A gestão da Organização Social de Saúde Mahatma Gandhi, que assumiu os serviços da Atenção Básica em Araçatuba no dia 22 deste mês, ocupou grande parte das discussões na 34ª sessão ordinária da Câmara Municipal, realizada nesta terça-feira (29). A falta de médicos e de dentistas nas Unidades Básicas de Saúde e a não contratação dos profissionais que já atuavam nas UBSs foram os principais pontos debatidos pelos parlamentares.

A discussão ocorreu durante a apreciação do requerimento do vereador Arlindo Araújo (Cidadania), que questionou a Prefeitura a respeito da interrupção do atendimento médico na Unidade Básica de Saúde do São José.
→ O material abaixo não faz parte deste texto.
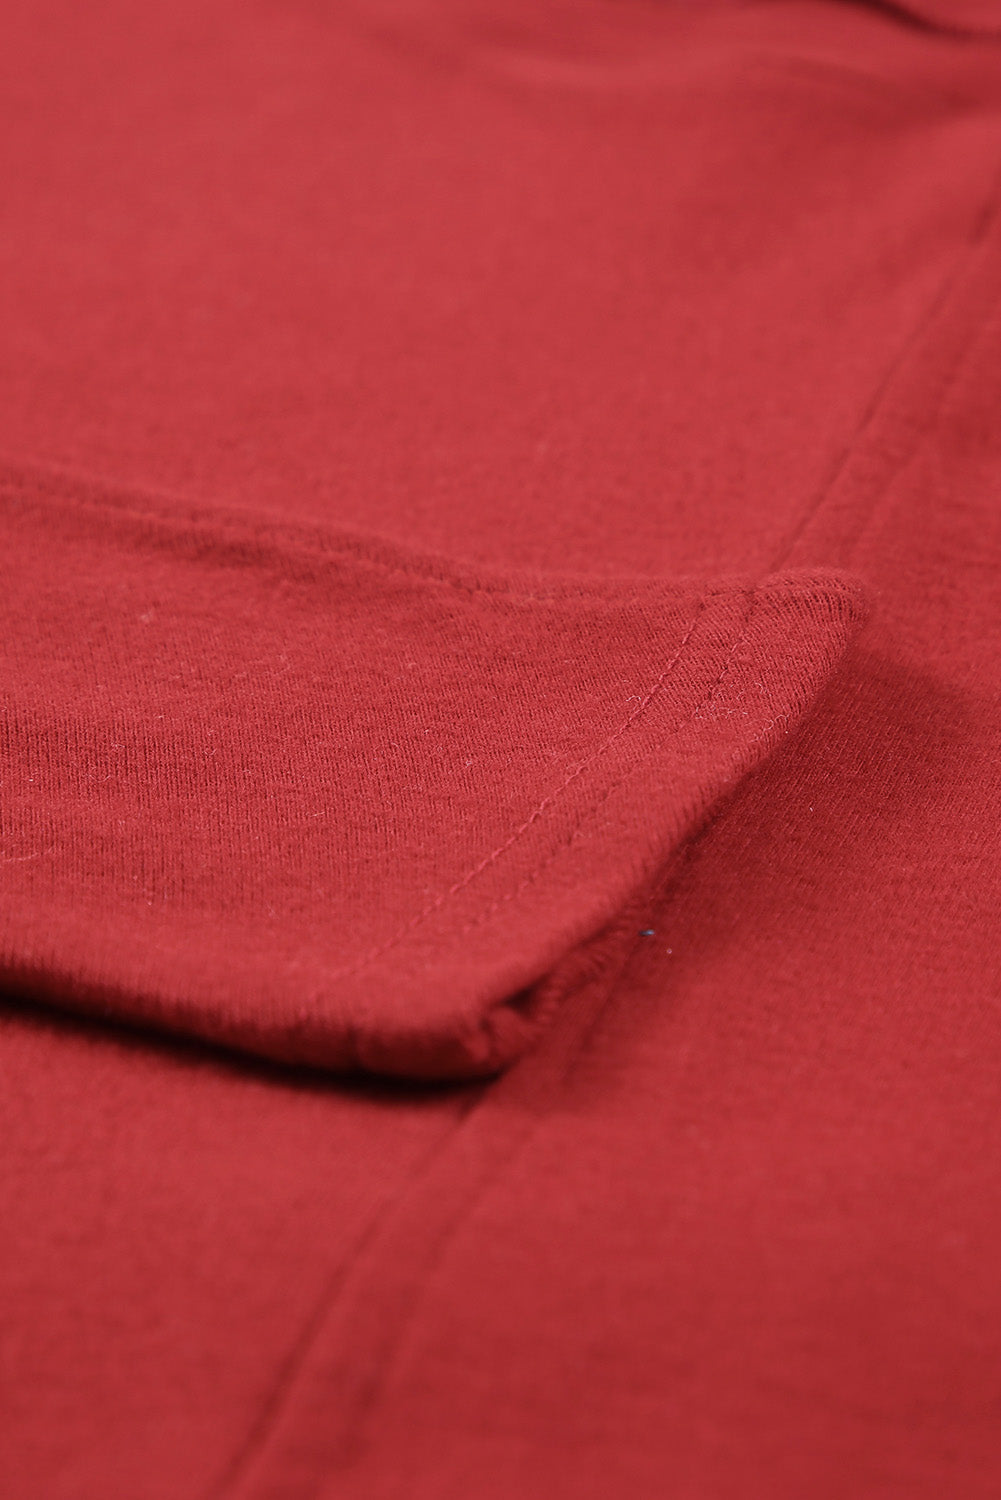 Smeđa vatrena majica dugih rukava u jednobojnoj boji

O assunto rendeu tanto debate que 11 dos 15 vereadores se inscreveram para falar a respeito dos problemas enfrentados pela população desde que a nova OSS assumiu os serviços, em substituição à ASF (Associação Saúde da Família), na terça-feira da pessoa passada.

A descontinuidade dos serviços, com a suspensão de consultas, e o descontentamento de idosos, mães e gestantes, foram citados pela vereadora Beatriz (Rede), que disse ter mantido contato com várias UBSs para acompanhar a qualidade do atendimento à população.
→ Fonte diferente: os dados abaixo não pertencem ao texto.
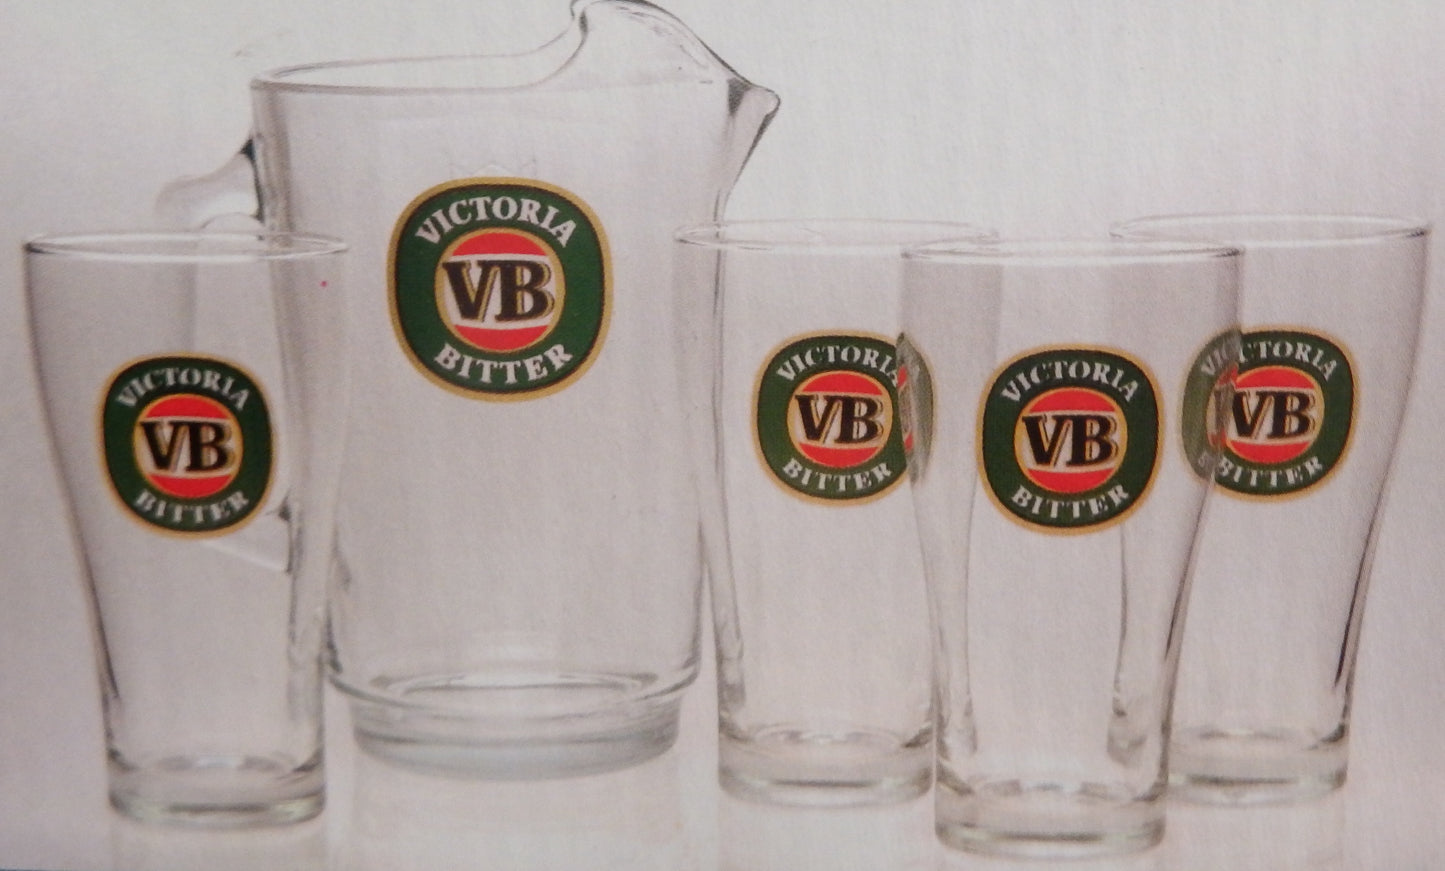 VB GLASS JUG with Set of 4 Schooner Glasses

“Tem lugares que ainda não voltaram à normalidade e muitas pessoas estão sem atendimento nos postos de saúde. Pacientes tiveram consultas desmarcadas e não foram remarcadas”, citou a parlamentar, lembrando que nas outras trocas de OSS, no passado, não houve reclamações de descontinuidade dos serviços.

Outro ponto debatido foi a não contratação dos profissionais que prestavam serviços à antiga OSS. “A empresa está se recusando a contratar pessoas com as quais o prefeito se comprometeu. Tem funcionários que querem continuar prestando serviço e a empresa não quer contratar”, disse Beatriz.

CONTRATAÇÕES

O vereador Denilson Pichitelli (PSL) informou que na UBS da João Arruda Brasil haviam três médicos, mas agora tem dois. Quanto aos dentistas, segundo ele, eram dois e hoje tem apenas um. “Isso está acontecendo em quase todos os postos de saúde de Araçatuba”, afirmou, destacando que a Mahatma Gandhi é a quarta OSS que assume a Atenção Básica do município e nenhuma apresentou este tipo de transtornou durante a transição.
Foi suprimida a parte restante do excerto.